Accepted by ew...@google.com.

Hi!

Thank you for reaching out!

I see you are having an issue understanding the public documentation related to AI platform. I will try to solve your question:

First, regarding the environment variables, you will have to provide them always, and it's going to be used by your model to locate your dataset. This variables will have the path for the jsonl files or bigquery tables:

If the AIP_DATA_FORMAT of your dataset is jsonl or csv, the data URI values refer to Cloud Storage URIs, like gs://bucket_name/path/training-*

For non text data:

"env":[
   {
      "name":"AIP_VALIDATION_DATA_URI",
      "value":"gs://bucket/validation.jsonl"
   },
   {
      "name":"AIP_TEST_DATA_URI",
      "value":"gs://bucket/test.jsonl"
   },
   {
      "name":"AIP_DATA_FORMAT",
      "value":"jsonl"
   },
   {
      "name":"AIP_TRAINING_DATA_URI",
      "value":"gs://bucket/training.jsonl"
   }
]

However, it is not clear if the uri to the jsonl file or the contents are also available. At least not in one of those 4 variables as far as I know.

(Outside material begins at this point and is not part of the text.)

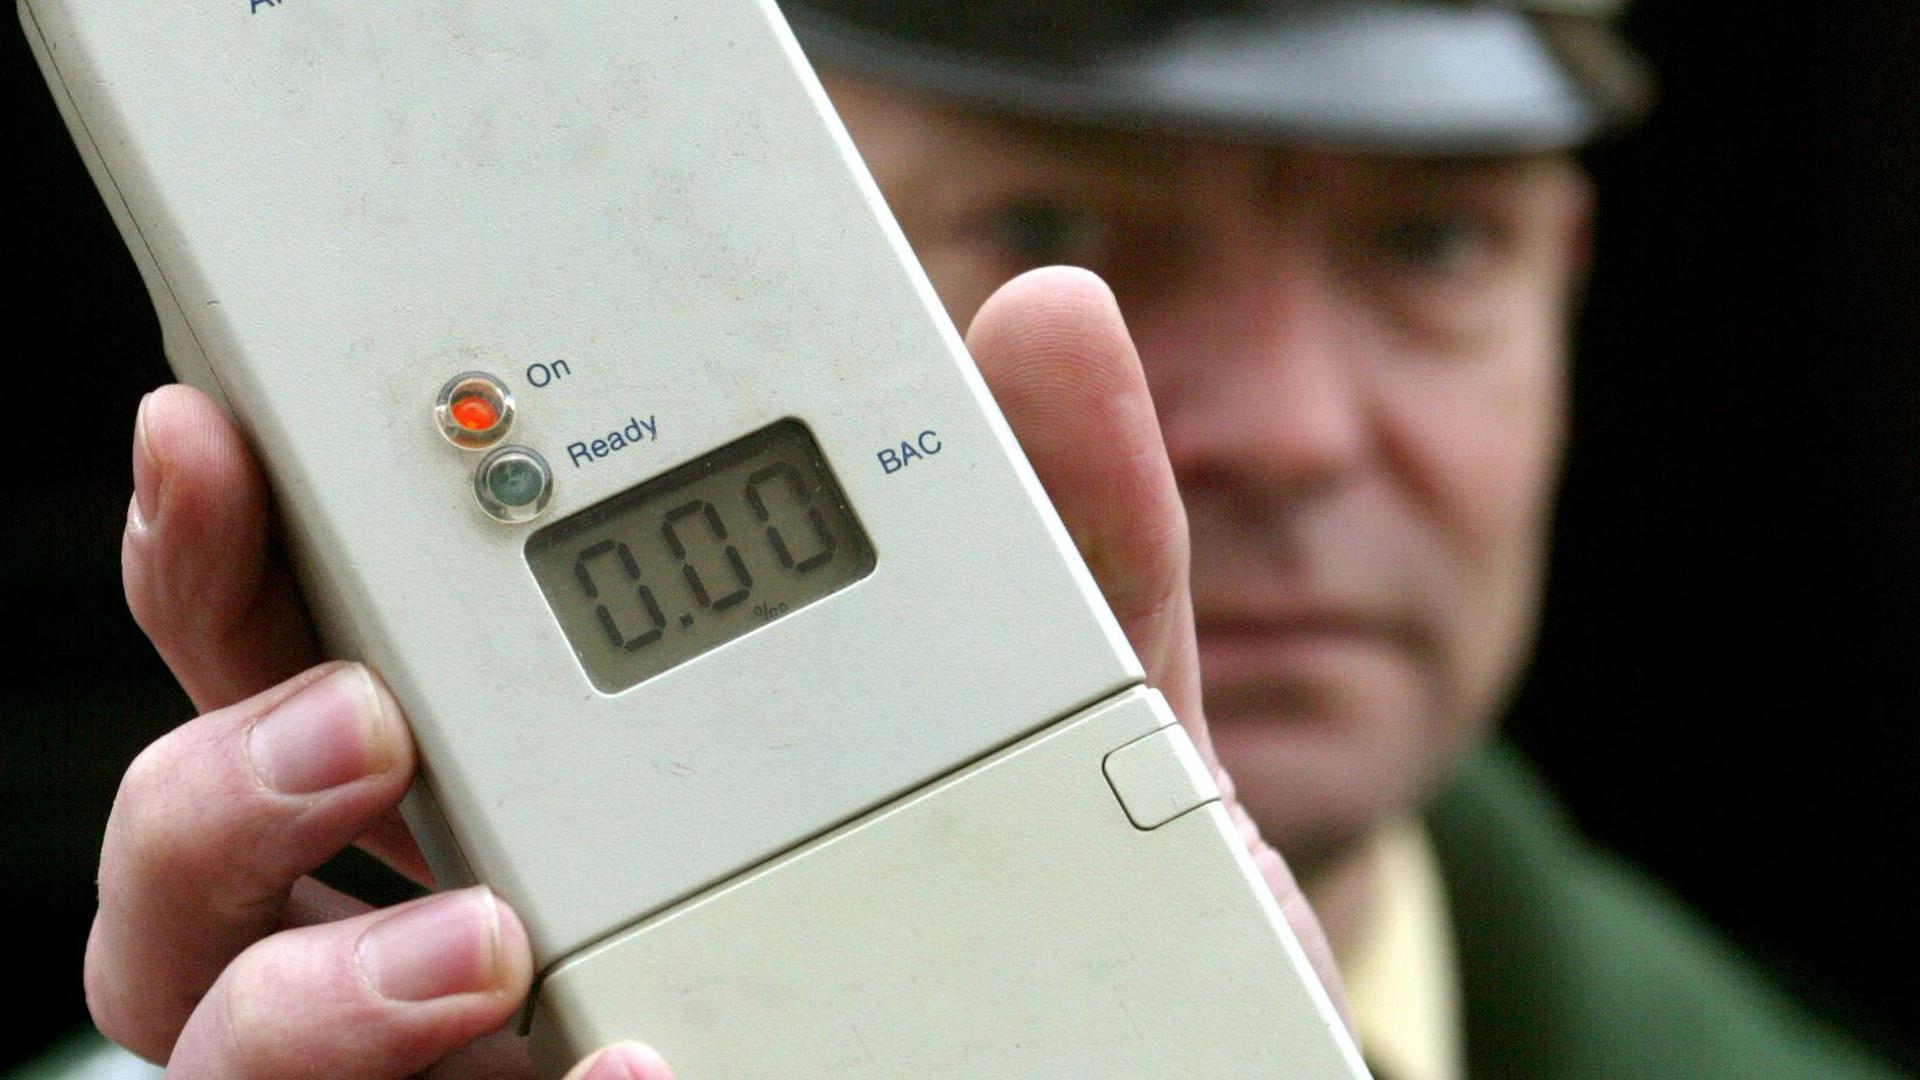 ARCHIV - Ein Polizist zeigt in Magdeburg ein Alkohol-Atemmessgerät (Archivfoto vom 08.03.2005). Beim 47. Verkehrsgerichtstag, der am kommenden Donnerstag (29.01.2009) in Goslar beginnt, werden sich die Fachleute über das Dauerbrenner-Thema Promillegrenze wieder einmal die Köpfe heißreden. Dabei geht es vor allem darum, wie der Alkohol-Pegel von Autofahrern am genauesten und am schnellsten gemessen werden kann. Angeheizt wird die Debatte durch einen Vorschlag der Bundes-Drogenbeauftragten Bätzing, die für eine Senkung der Promille-Grenze auf 0,3 Prozent plädiert. Foto: Jens Wolf/lah/lni (zu lni 0420) +++(c) dpa - Bildfunk+++ sdwsa

There are 2 types of data you can ingest on your model, text data and non text data. For text data, you can use csv files or a uri for a BigQuery table. If you are using non textual data, like images, you have to provide the URI for the jsonl file who describes your dataset and labels for example, following the pattern presented in the documentation.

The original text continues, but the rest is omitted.